Wow. I never even thought of that Watakshino. Interesting insight!


----------



## Fantasia (Sep 25, 2003)

It *is* interesting.  To tell you the truth, it never occurred to me that they were similar at all. X'D  Even now that you mentioned it, I'm still groping for the connection (but then, I haven't read Hannibal and Red Dragon.)  

On a side gush: Dante Alighieri's Inferno shall remain, to me, one of the greatest, most unbelievably fantastic works of literature.  I'm a big fan.


----------



## Anonymous (Sep 25, 2003)

Yeah, it would probably help tremendously if you got a chance to read those two books.

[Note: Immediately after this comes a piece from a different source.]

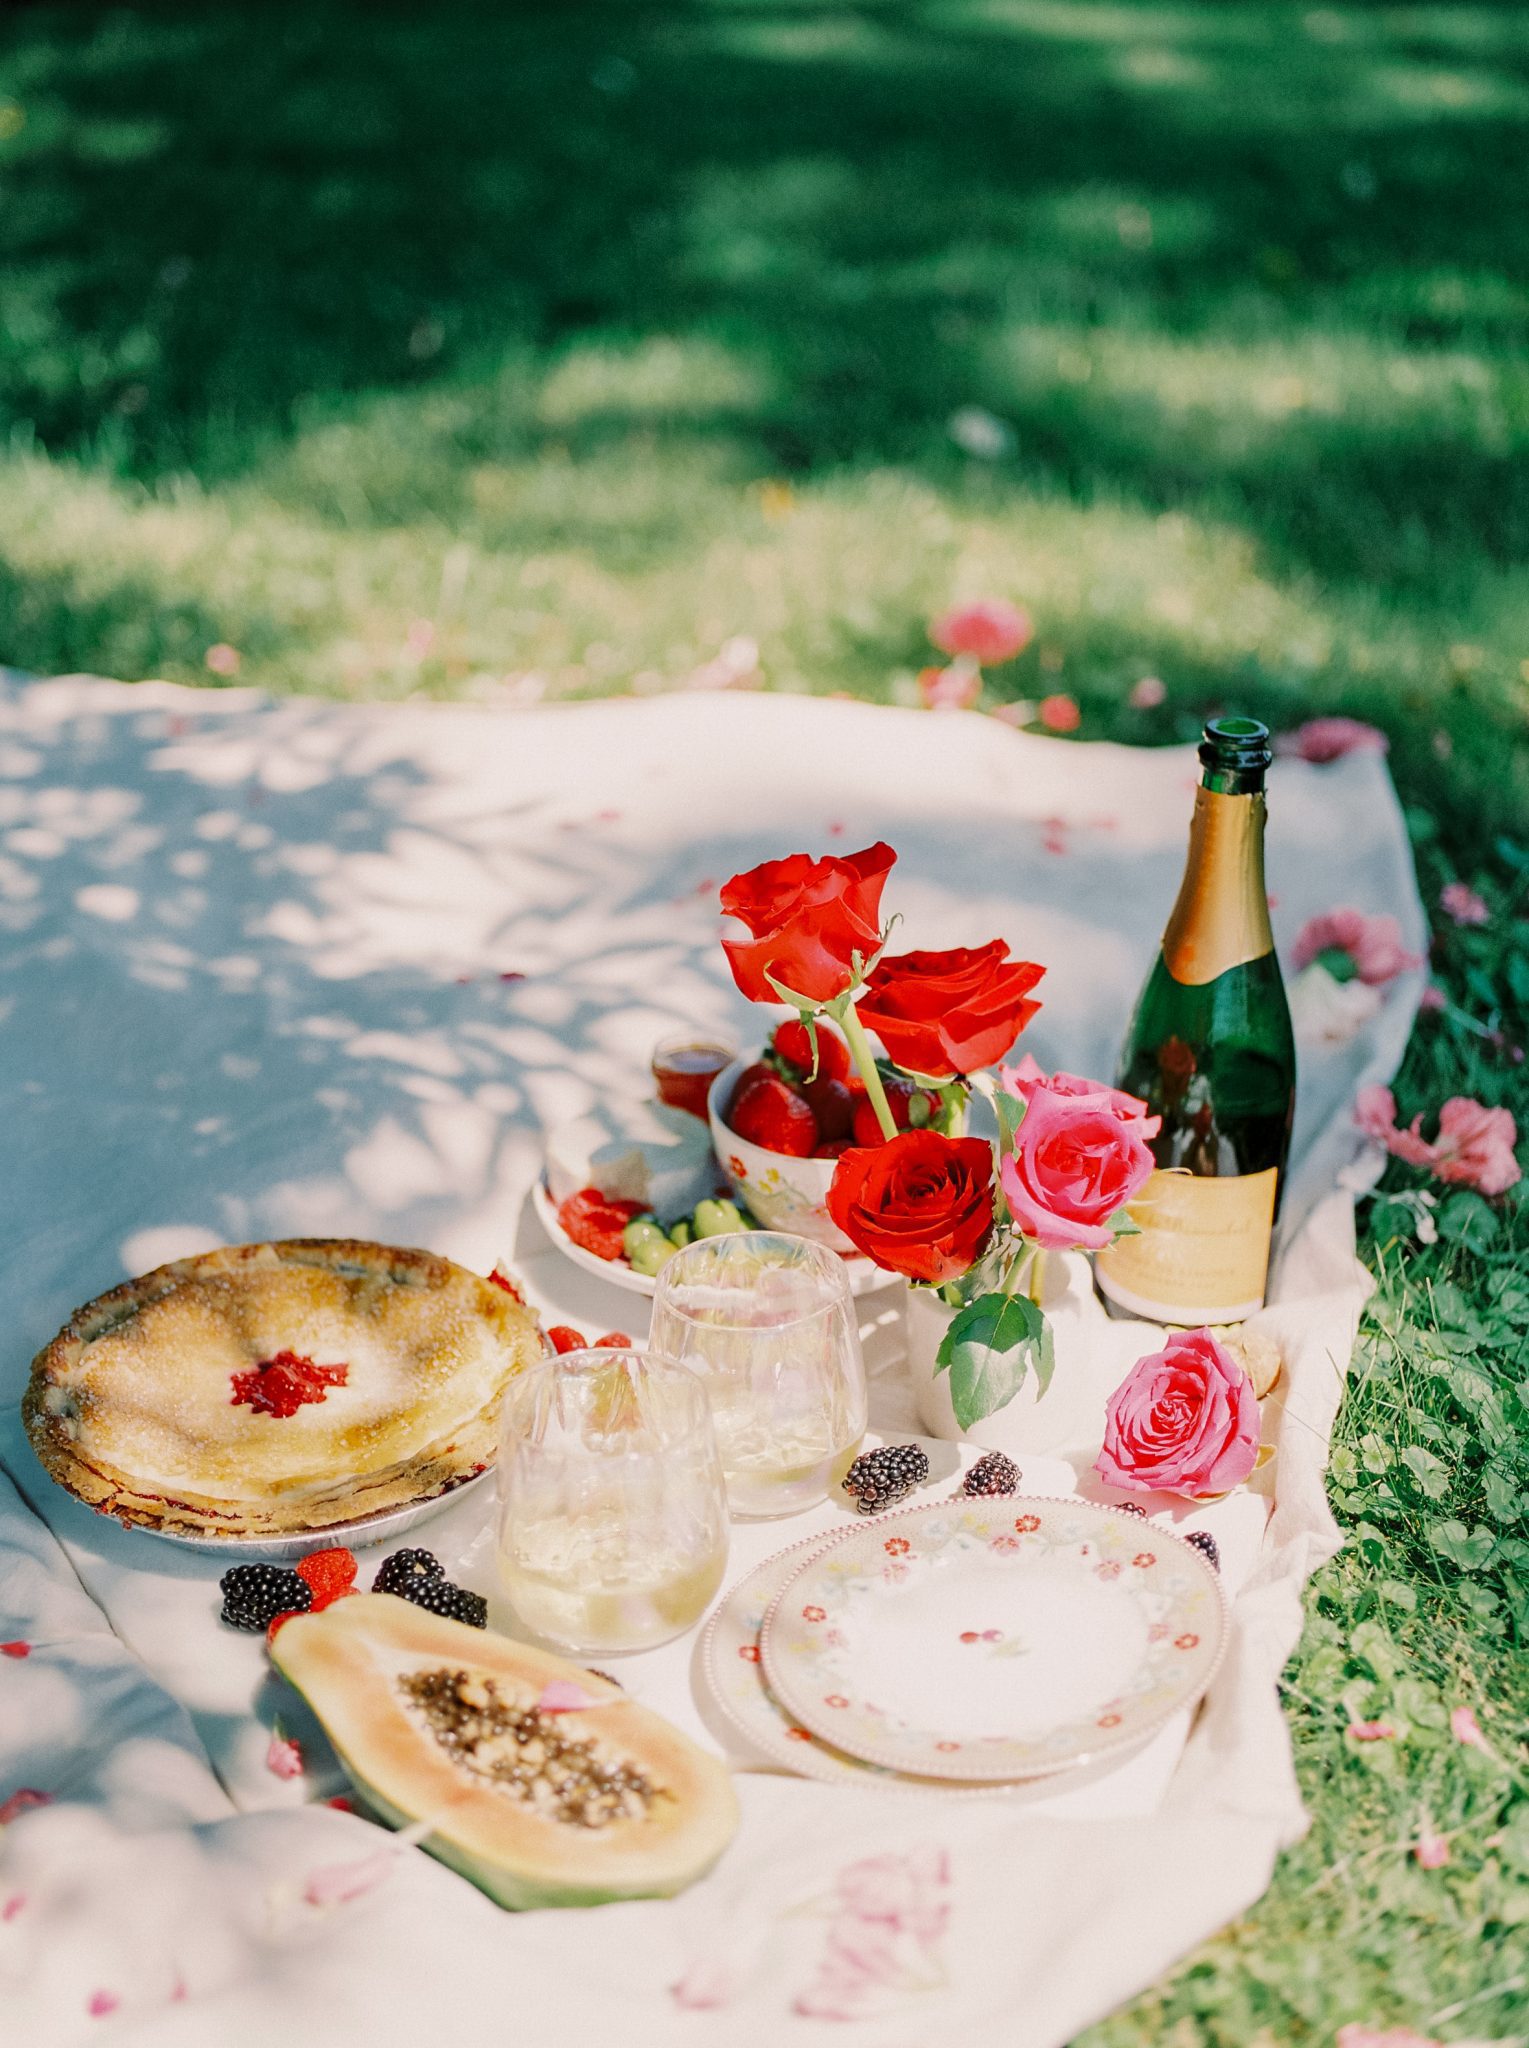 Hot Pink Perfection for this Picnic in the Park Valentine's Day Inspiration Featured by Brontë Bride, red roses, picnic in the park

But in the mean time, here's a link to a site that talks about the correlations better than I could: 
http://www.pentaone.com/cgi-bin/hannibal/yabb/YaBB.cgi?board=chat;action=display;num=1050074096

It's a lot of reading but if you have the time and are interested, I would suggest looking it over.  

Dante is definately a great writer.   I love his work.


----------



## darkheartedwanderer (Jan 1, 2004)

*Dante....*

I just finished reading Dante's Inferno....oh my god it was good....definately a good read...

~ Wayne Ser ~

*"Through me the way into the suffering city,
Through me the way to eternal pain,
Through me the way that runs among the lost.
Justice urged on my high artificer;
My maker was divine authority,
The highest wisdom, and the primal love
Before me nothing but eternal things 
Were made, and I endure eternally.
Abandon every hope, who enter here."*~ Dante (Inferno...Inscription on the Gate of Hell)


----------



## Guest (Jun 10, 2004)

You bring up an interesting point. I have read all of the listed Thomas Harris books and Dante's Divine Comedy. And now that I think about it, Harris is a modern Dante. 

Great question and insight!!!!!
 :cheers:


----------



## Jane Jones (Jun 11, 2004)

*Re: Dante....*



			
				darkheartedwanderer said:
			
		

> *"Through me the way into the suffering city,
> Through me the way to eternal pain,
> Through me the way that runs among the lost.
> Justice urged on my high artificer;
> ...



I have seen a painting of this gate.  I loved Dante's Inferno, it was a masterpiece, one of my all time favorites...


----------